> [GIVEN DATA]
:::::

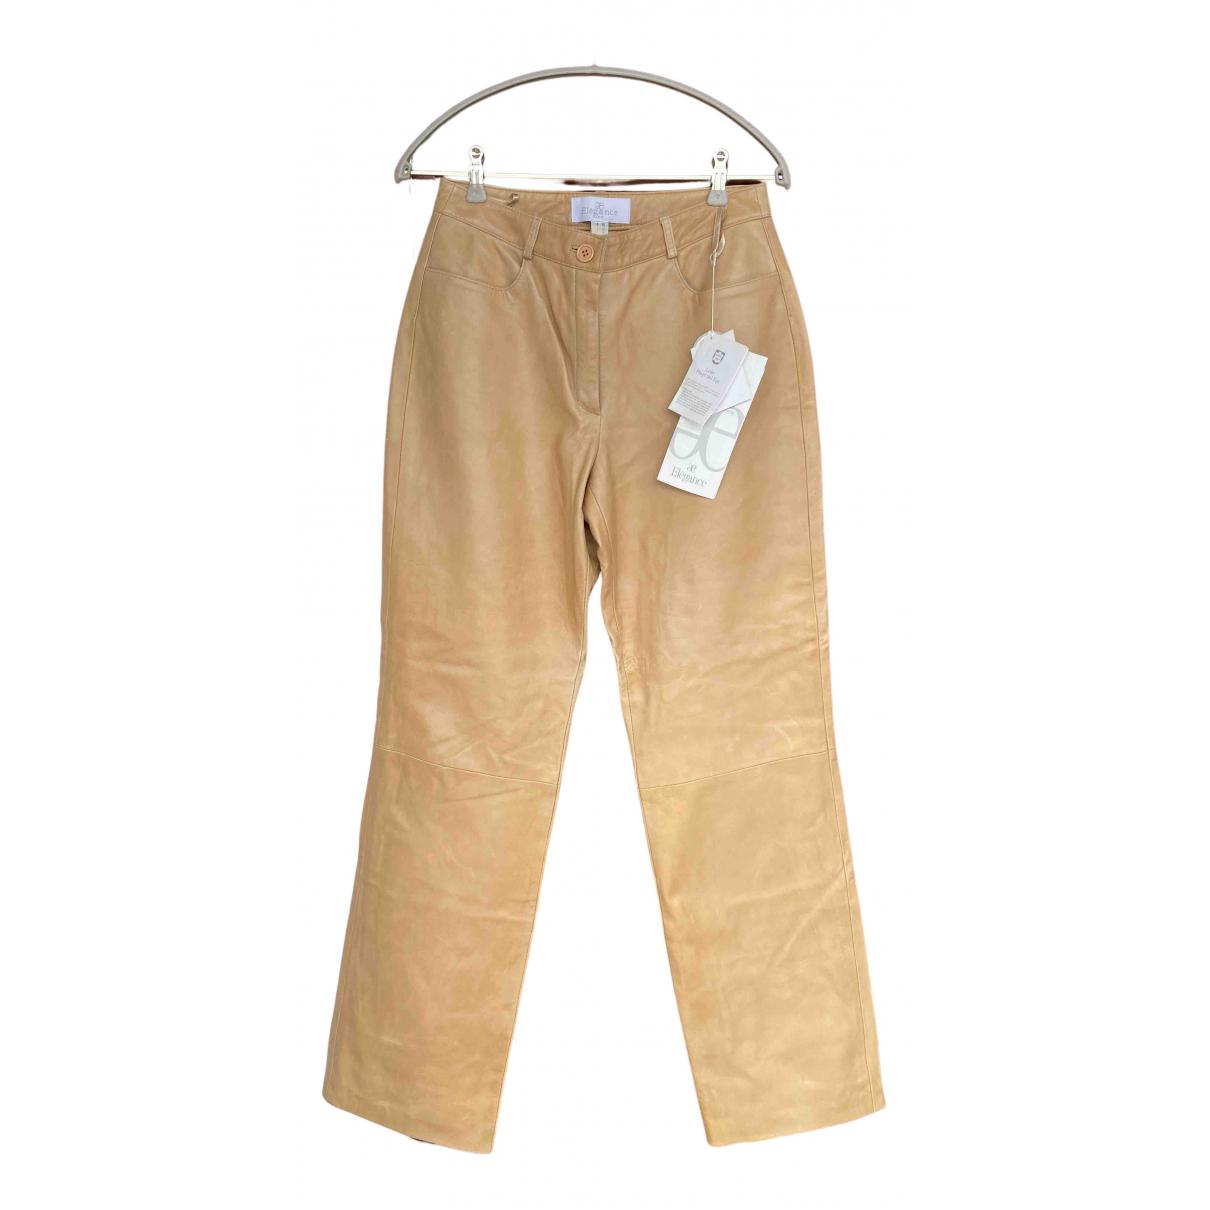 Elegance Paris N Beige Leather Trousers for Women 40 FR
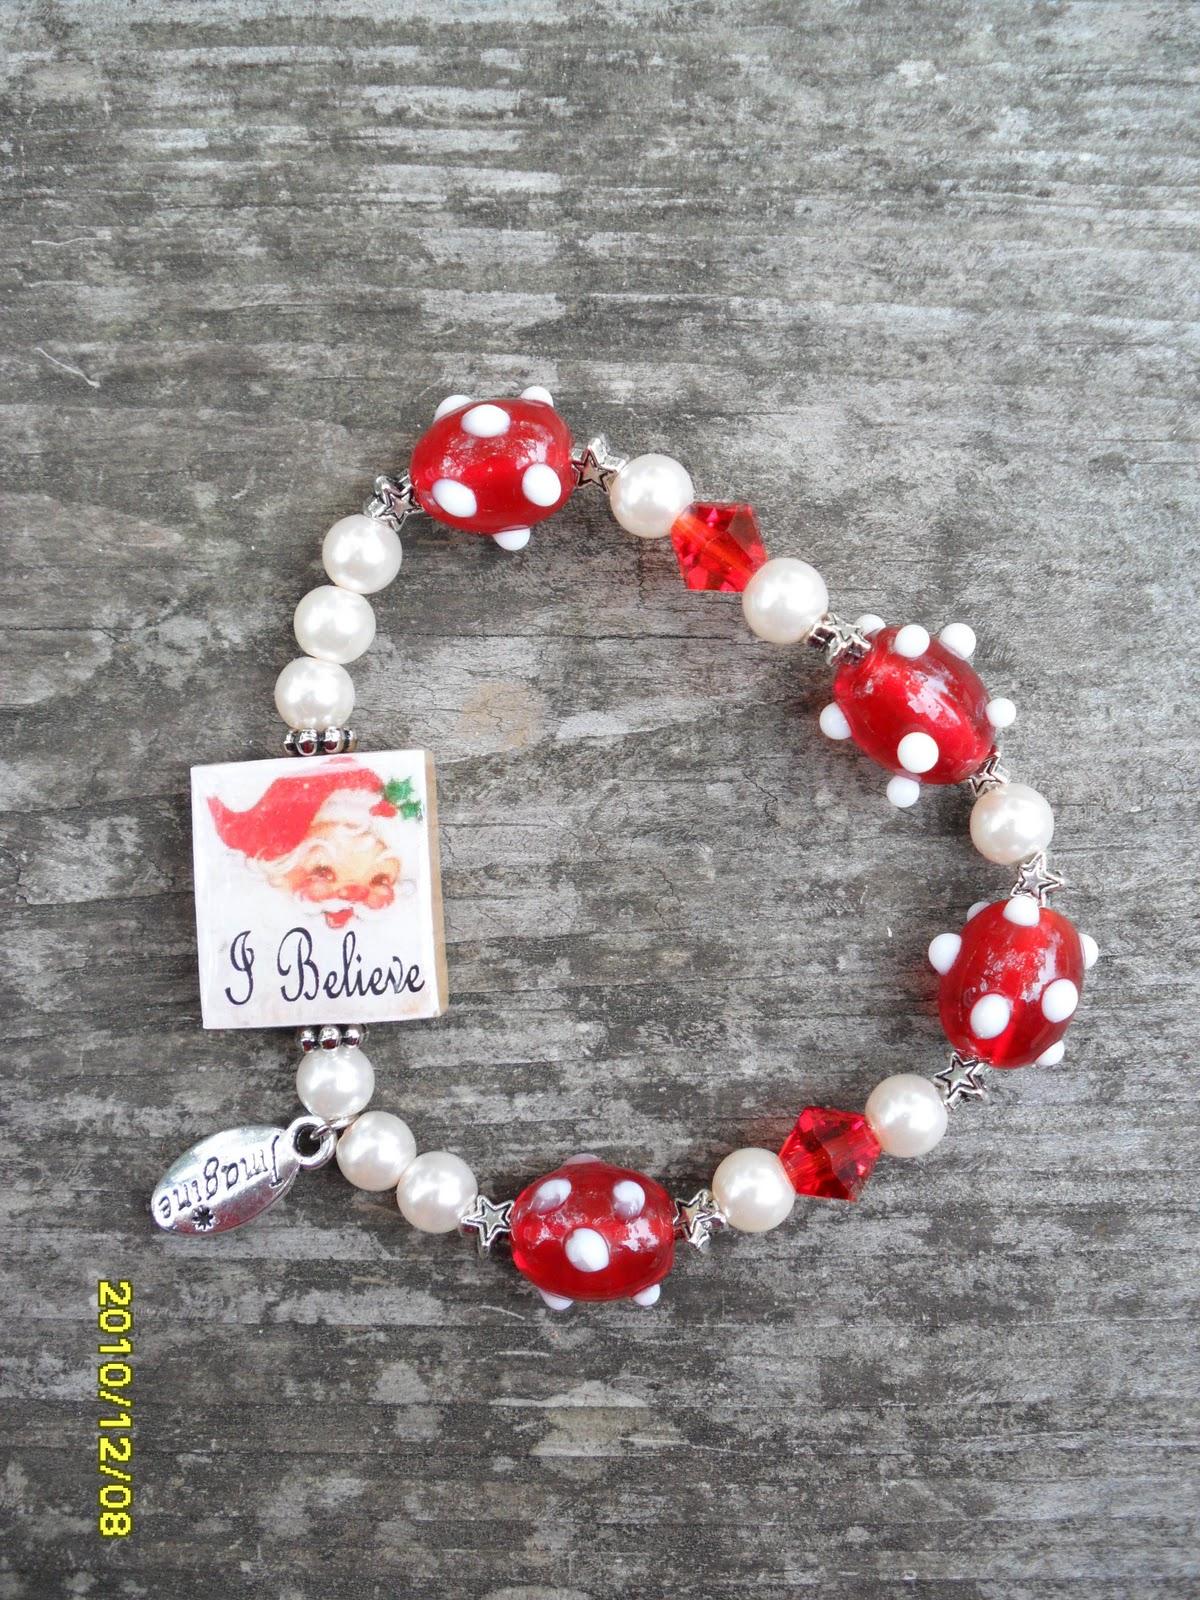 http://2.bp.blogspot.com/_FSejWffKpkM/TQLn3VioKPI/AAAAAAAAAIg/HGT3hPNwYrs/s1600/I+Believe+Santa+Bracelet1.JPG
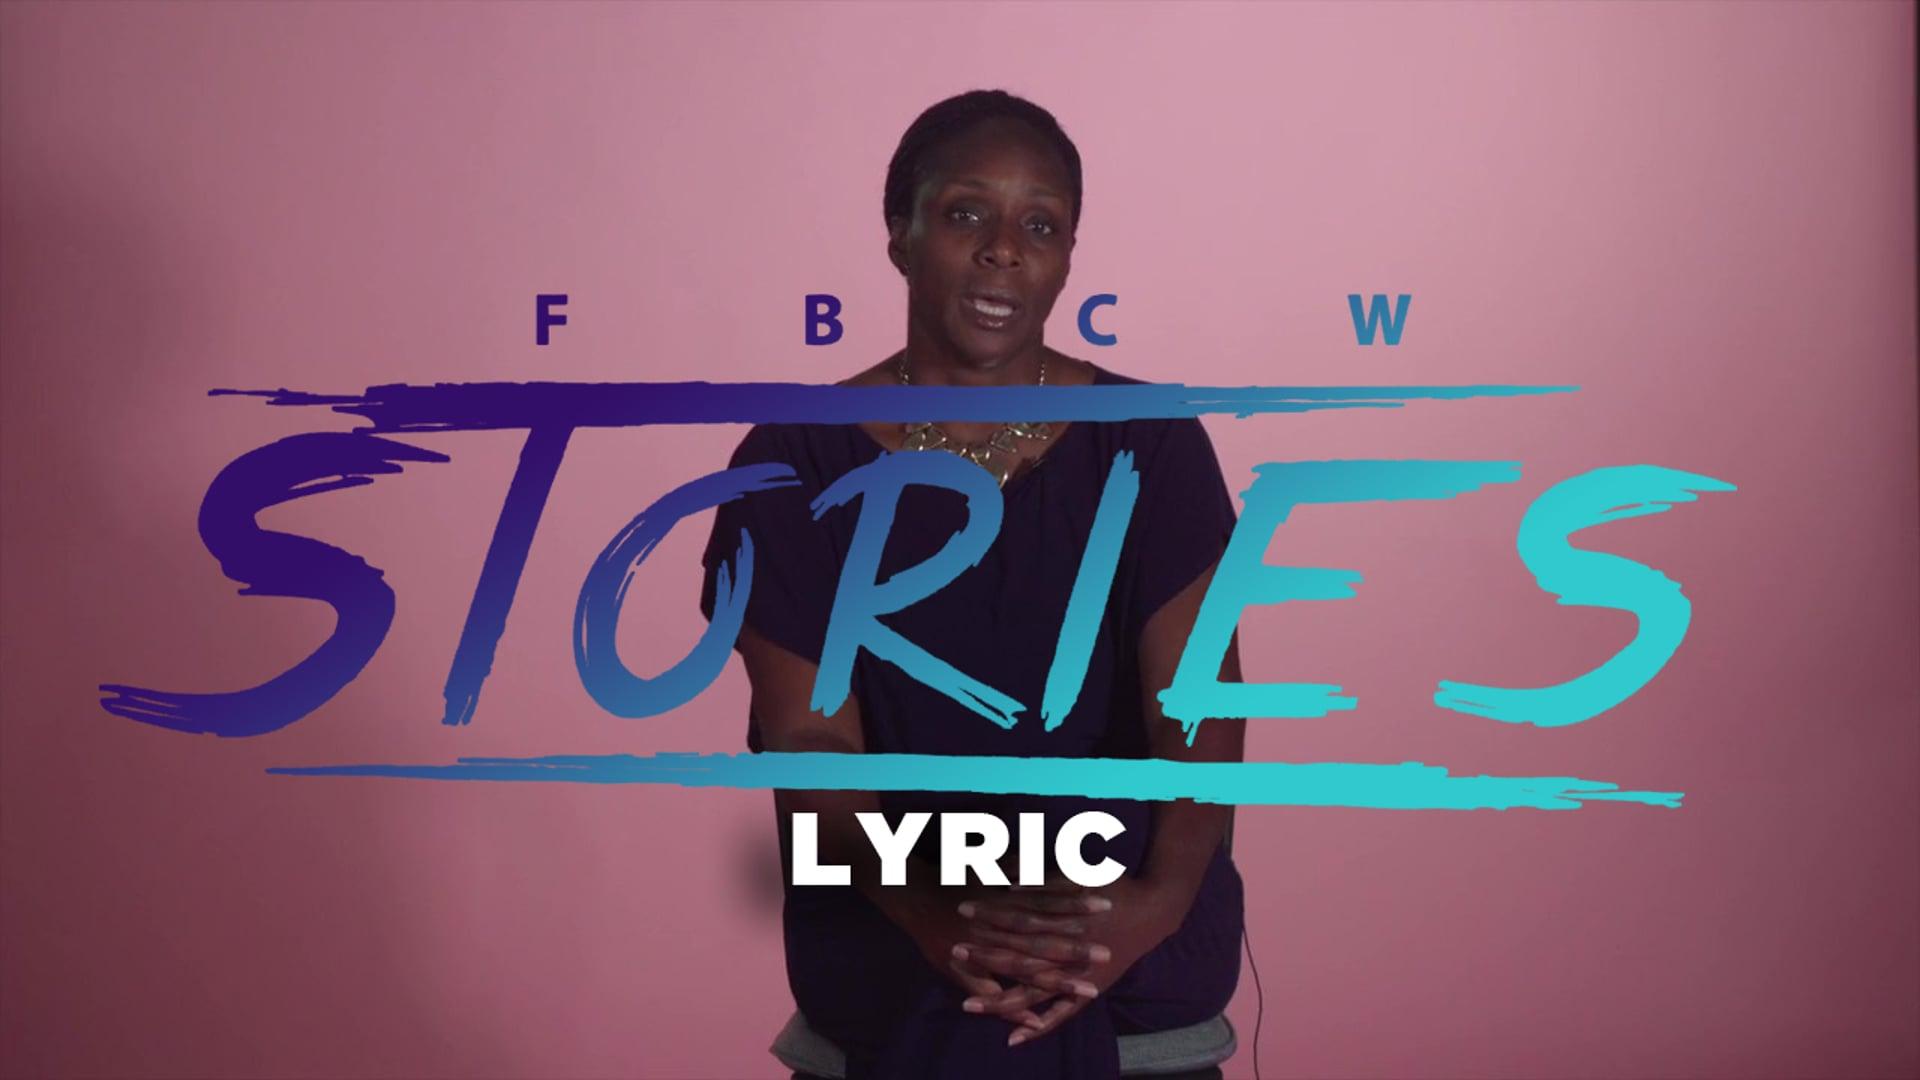 FBCW Stories Lyric

:::::

> [GOAL OF THE EXERCISE]
Once the pictures are set aside, transcribe the remaining lines above exactly.

> [RESPONSE FOR THIS EXERCISE]
 Elegance Paris N Beige Leather Trousers for Women 40 FR
 http://2.bp.blogspot.com/_FSejWffKpkM/TQLn3VioKPI/AAAAAAAAAIg/HGT3hPNwYrs/s1600/I+Believe+Santa+Bracelet1.JPG
 FBCW Stories Lyric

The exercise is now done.